# How to Foam Your Car using Pressure Spray Bottle



## coolash

Hello Everybody,

I am a detailing enthusiast from India and thank everybody for welcoming me so warmly in this forum. This is my first post, so bear with me if anything goes wrong.

I love to mix stuff and do experiments related to detailing. This thread is about an experiment about prewash foaming my car without pressure washer using a pressure sprayer bottle.

How the bug started: I was watching some videos about using pressure sprayer to presoak the car with foam before wash to get rid of most of the dirt before the 2BM wash. I don't have access to power point or tap water, like most of us who live in apartment. So how to foam my car 

The JUGAAD: This started a bug in my mind, I thought that pressure washer uses pressure to generate foam and I was using pressure sprayer bottle (the one where you pump in air to generate pressure in bottle) so why can't I generate foam using the pressure sprayer. So I did a little experiment with my pressure sprayer. I wound the outlet pipe around the pressure pump to increase its height 25% from the base.










Here is my JUGAAD

"Jugaad (a word taken from Hindi which captures the meaning of finding a low-cost solution to any problem in an intelligent way) is a new way to think constructively and differently about innovation and strategy."

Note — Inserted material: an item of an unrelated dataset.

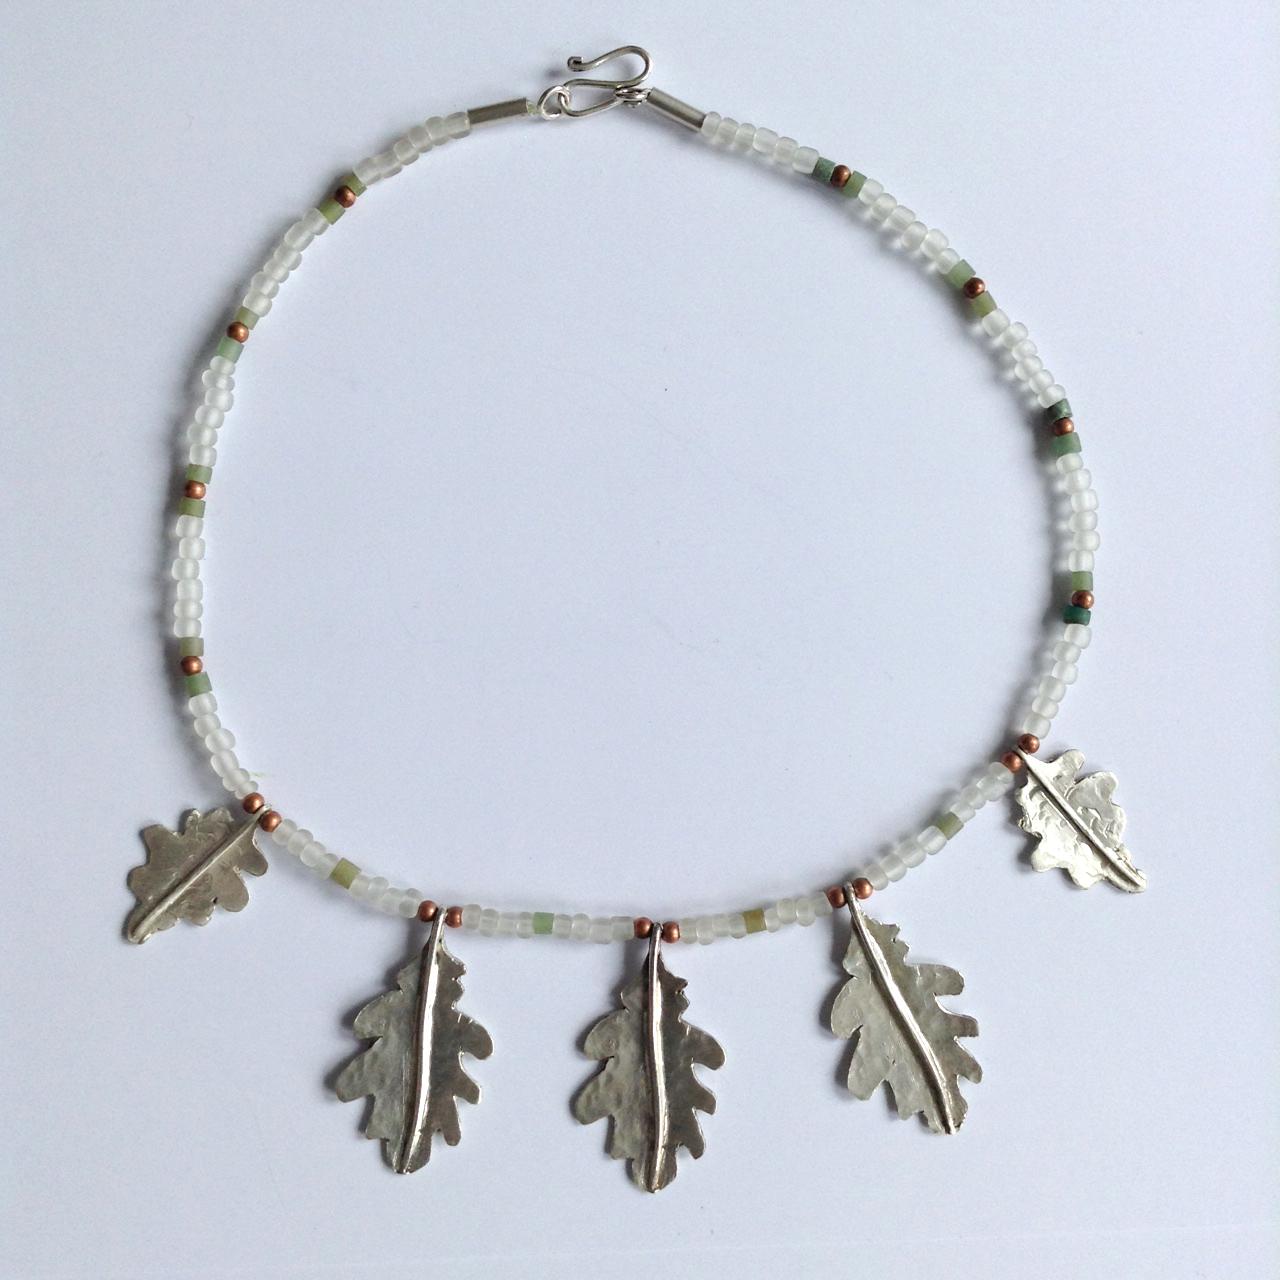 Oak Leaf Necklace Intended For Latest Oak Leaf Necklaces (Gallery 16 of 25)

I filled the water and amway shampoo solution upto the level just below where the outlet pipe ended and pumped in the air to increase pressure. I kept the sprayer head setting at stream and shaked the bottle to generate foam and foam wash the car.

Don't believe me :tumbleweed:

See the video below






PS: check if video is embedding properly, just posted url, can't find a video button on WYSIWYG editor


----------



## SBM

Brilliant! and yes it is a jugaad idea :thumb::thumb:


----------



## Juke_Fan

Nice idea - must try it out.

Cheers.


----------



## RP84

Not bad.. good effort


----------